Task objective:
The full set of lines below has to be duplicated exactly, with no picture kept.

Source data:
++++++

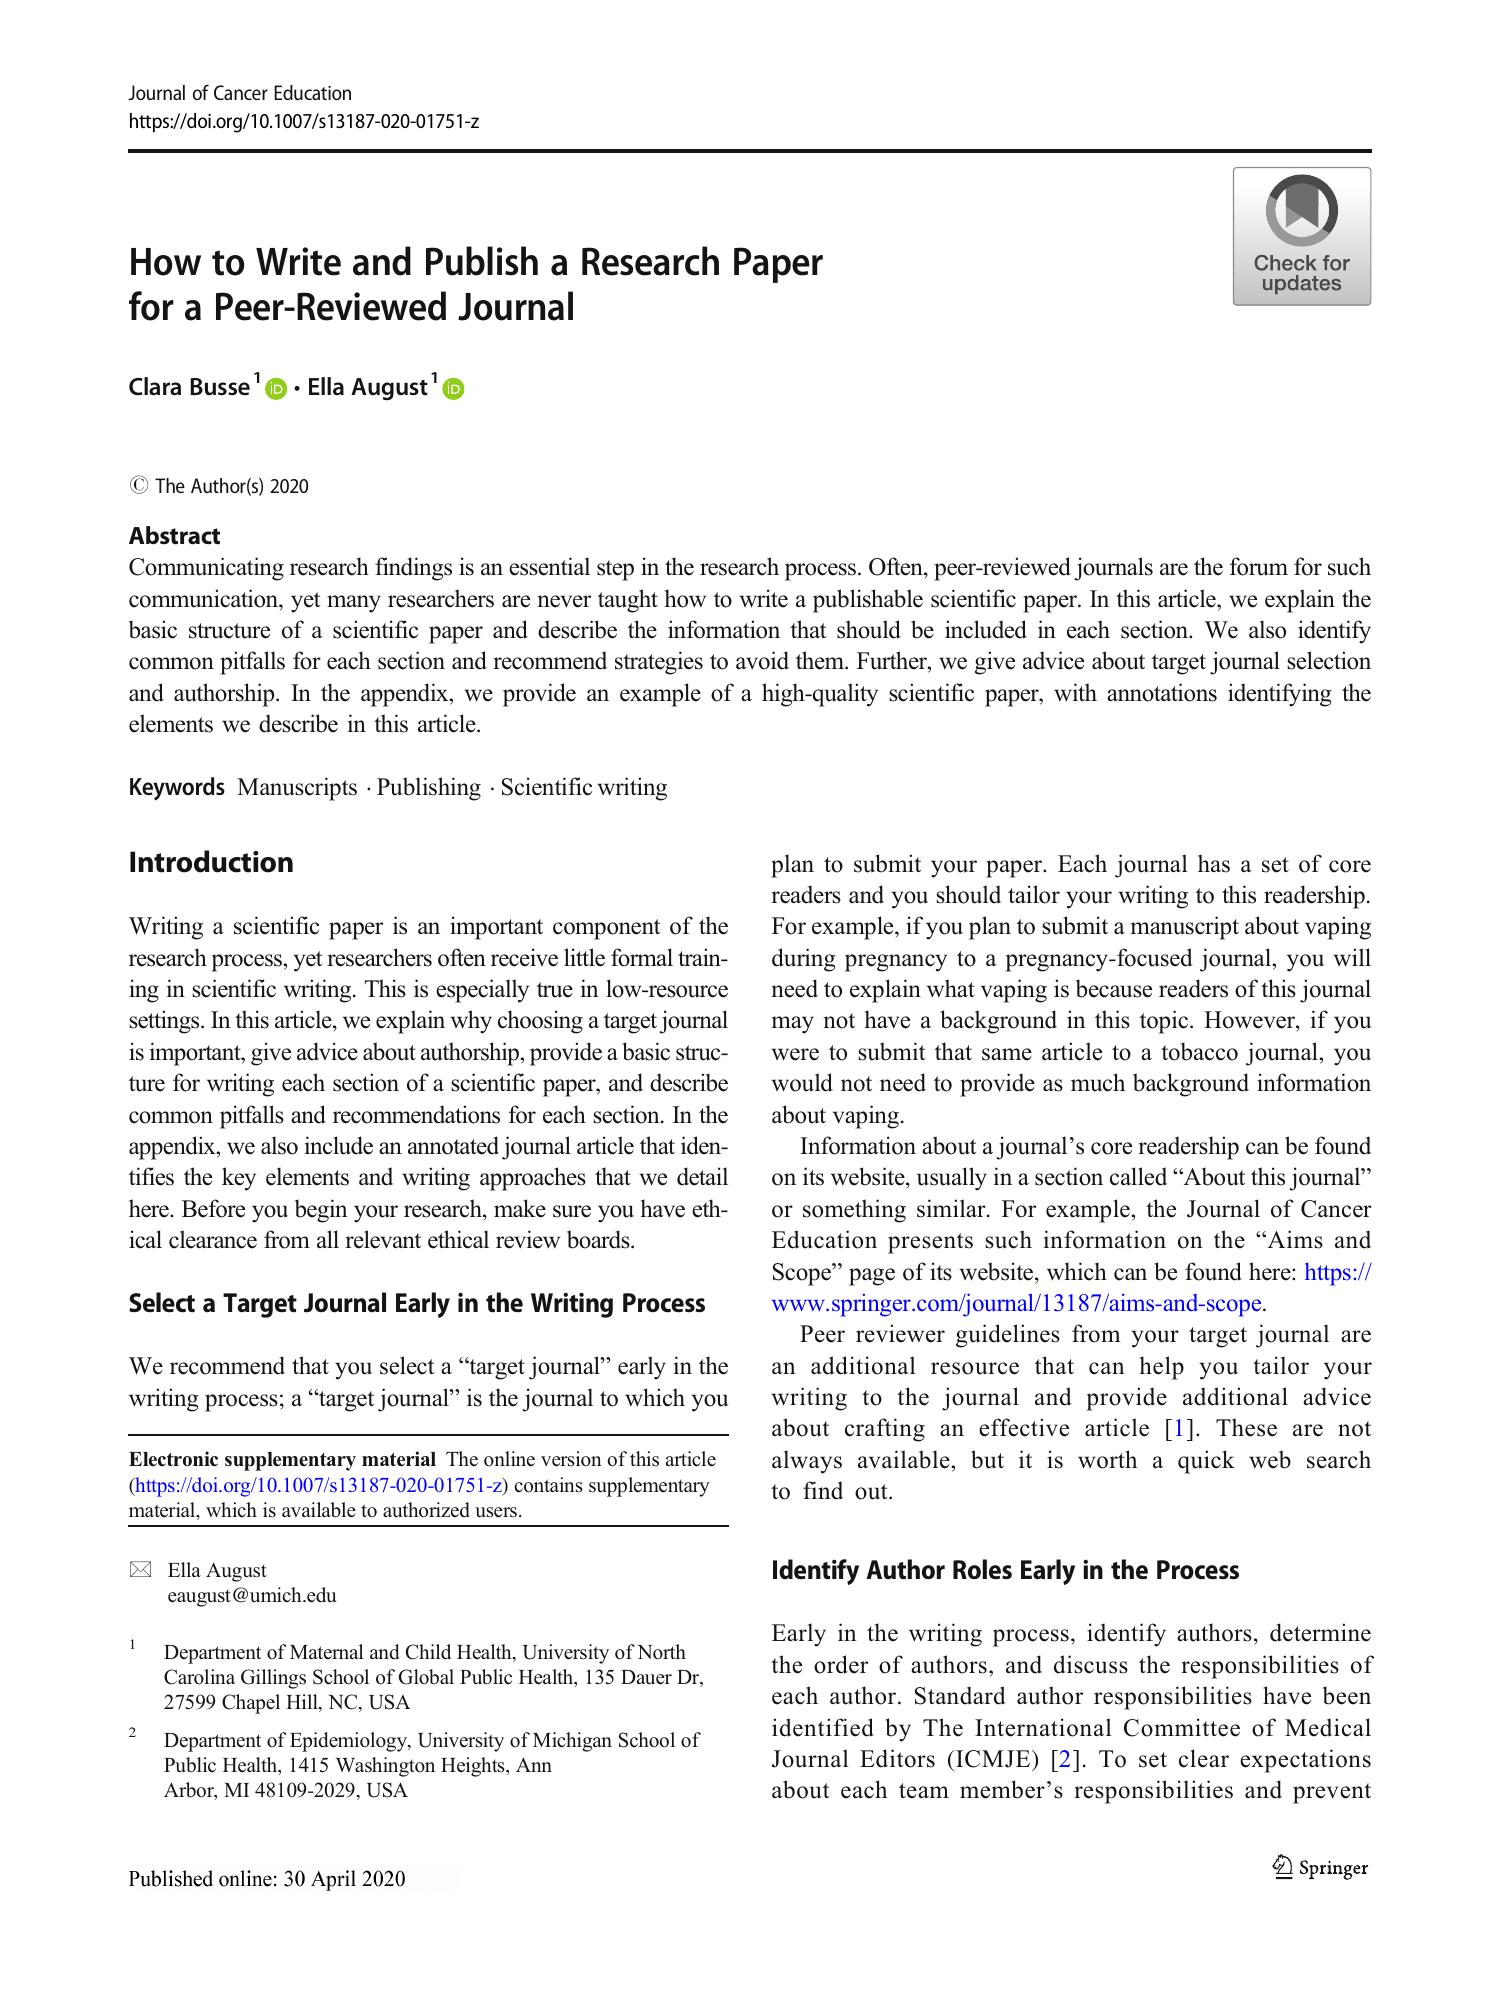 how to publish a research paper in elsevier journal
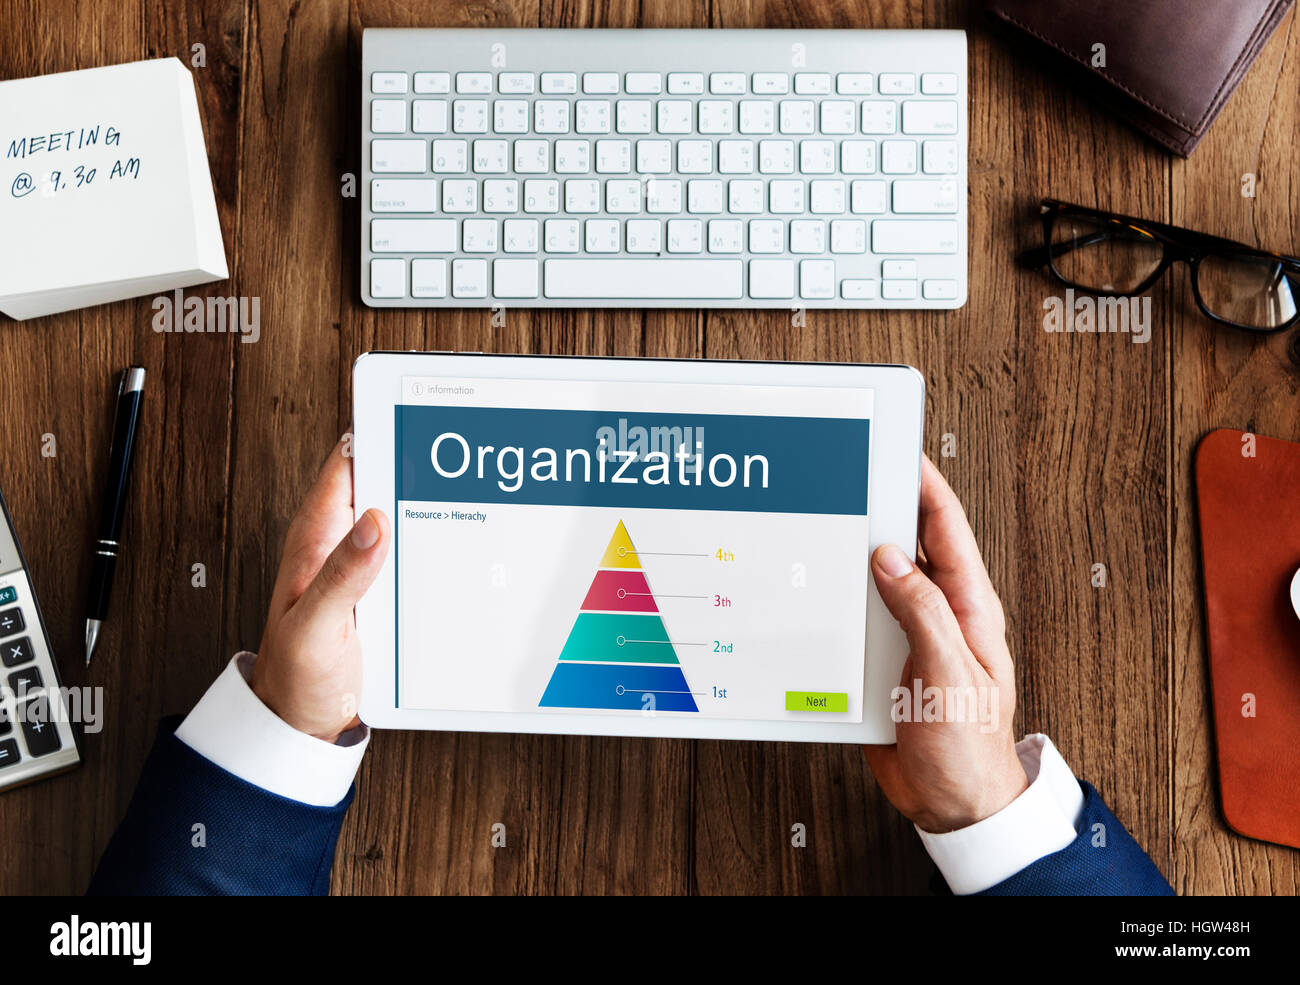 Hierarchy Organization Structure Position Chart Concept Stock Photo
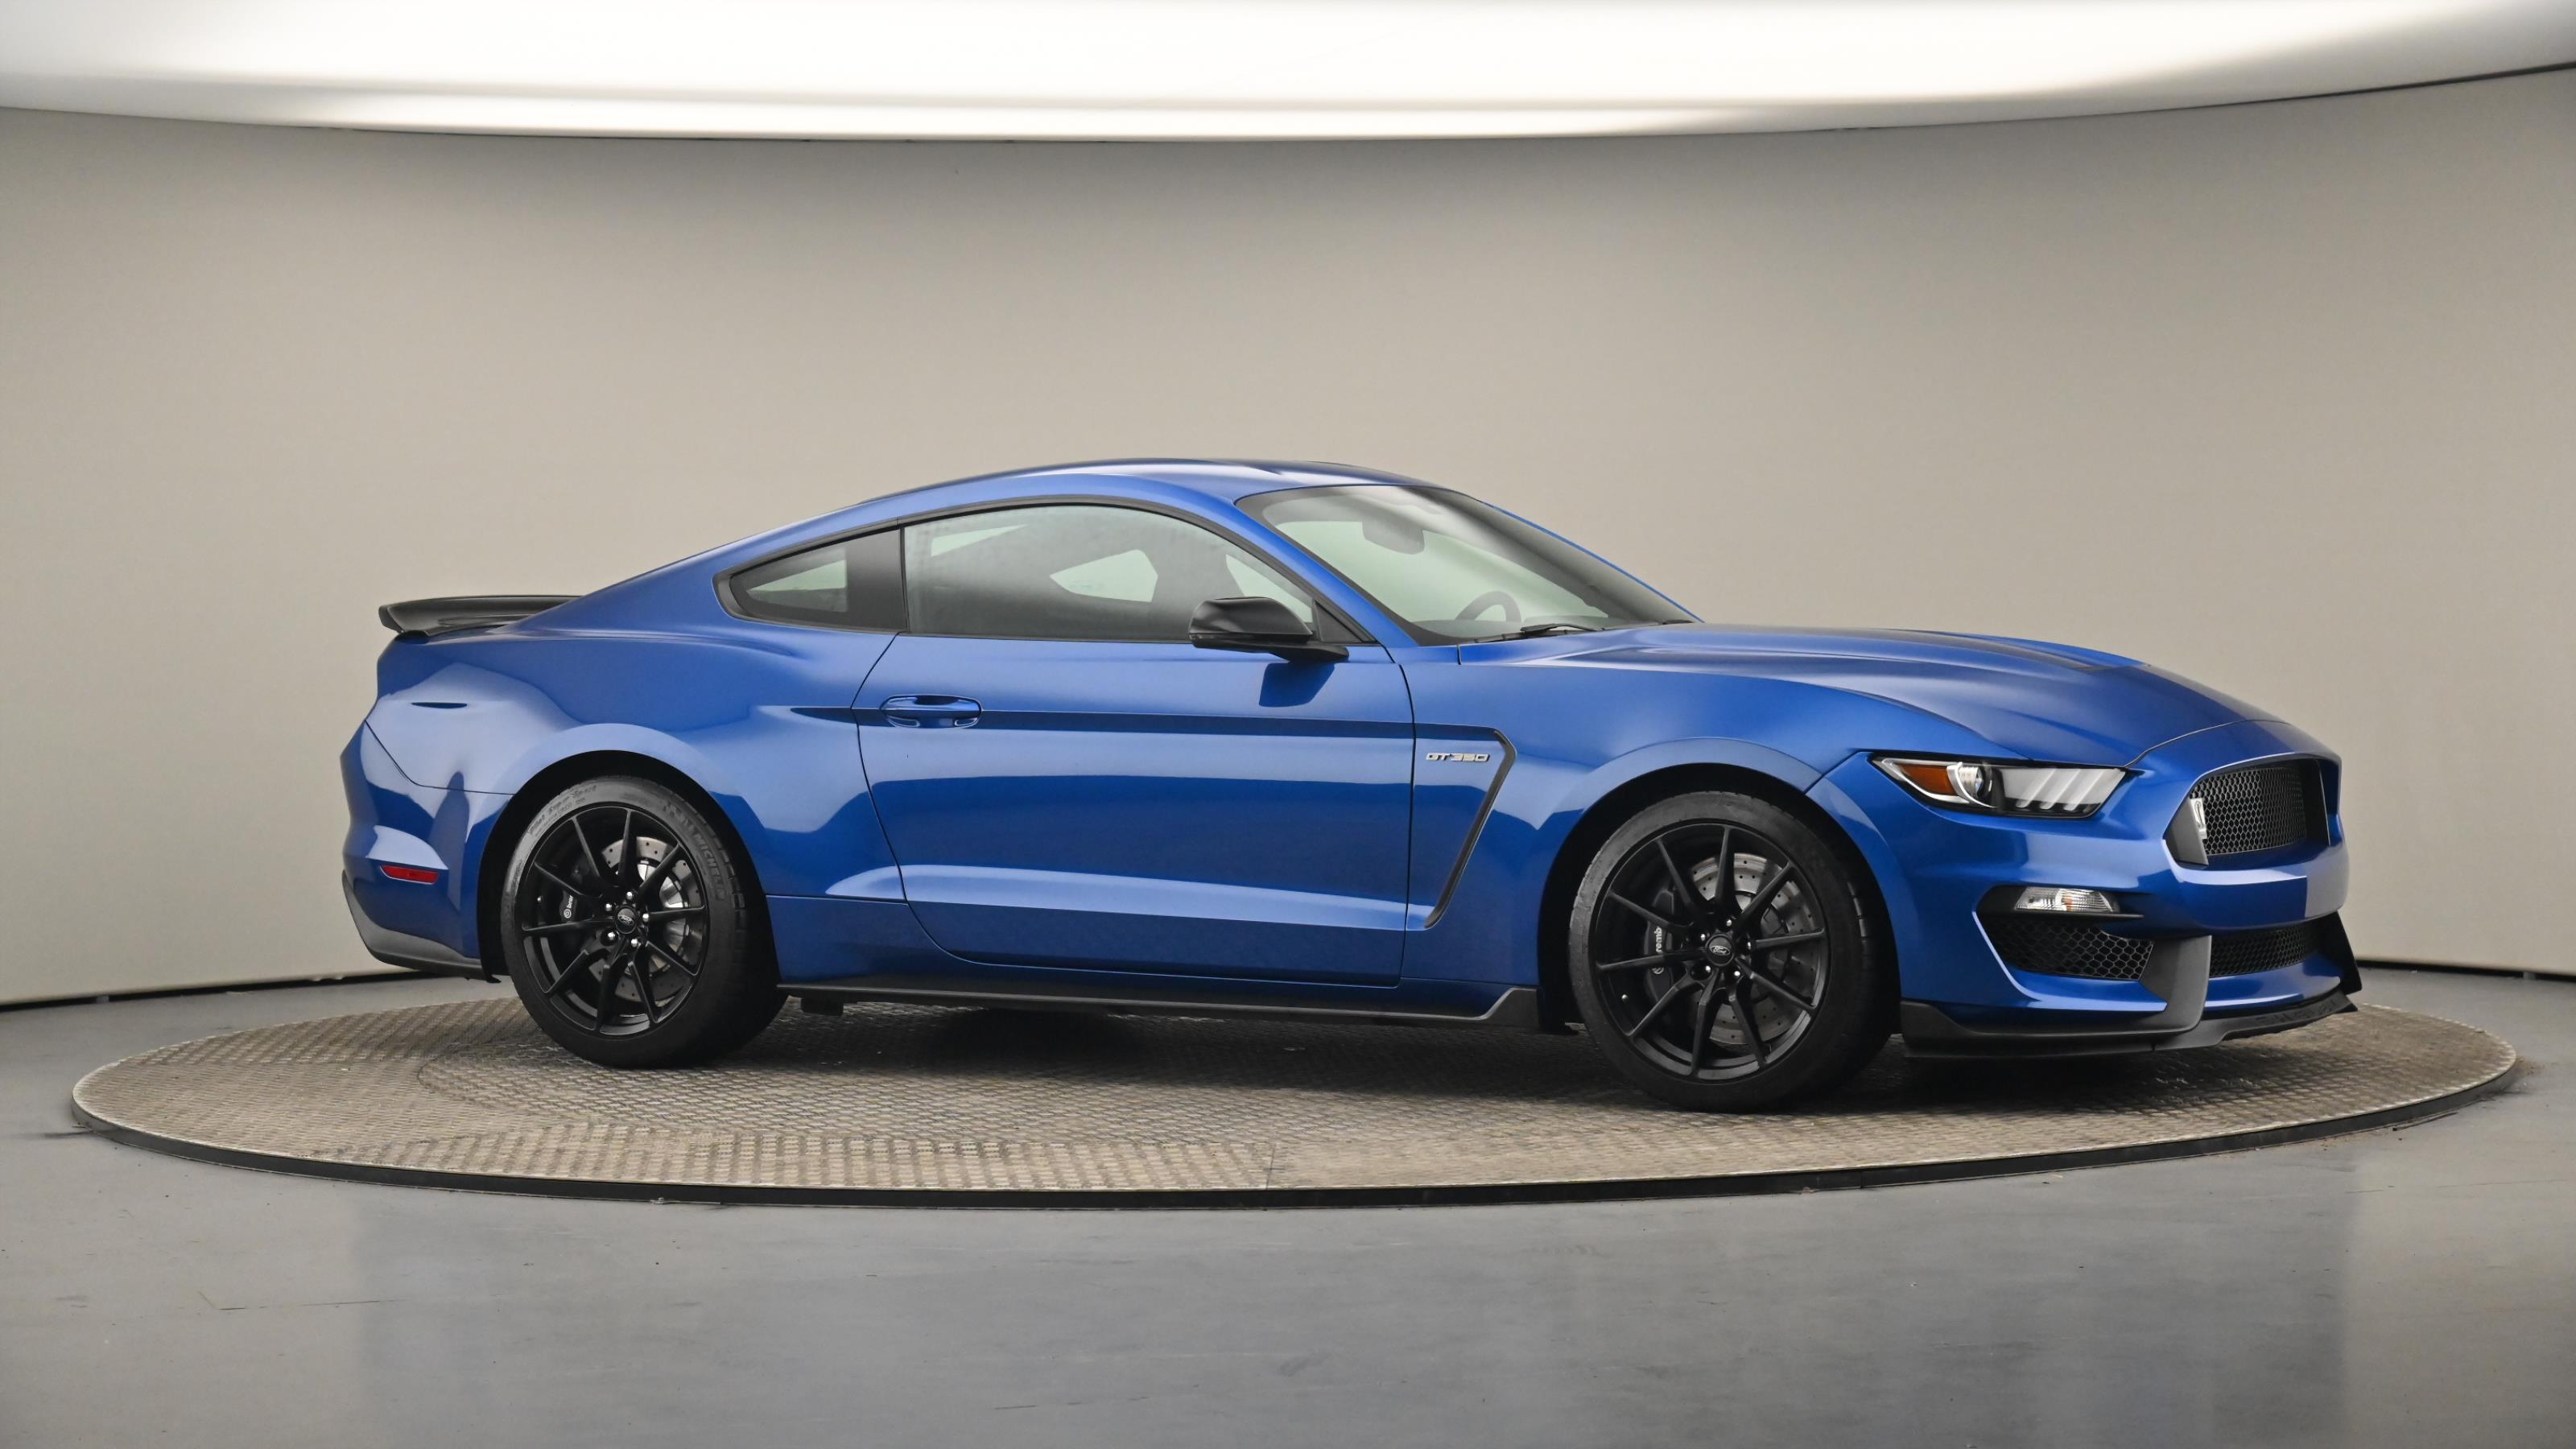 Used 2018 Ford MUSTANG Shelby GT350 £60,000 5,860 miles | Saxton4x4

++++++

Finished task:
 how to publish a research paper in elsevier journal
 Hierarchy Organization Structure Position Chart Concept Stock Photo
 Used 2018 Ford MUSTANG Shelby GT350 £60,000 5,860 miles | Saxton4x4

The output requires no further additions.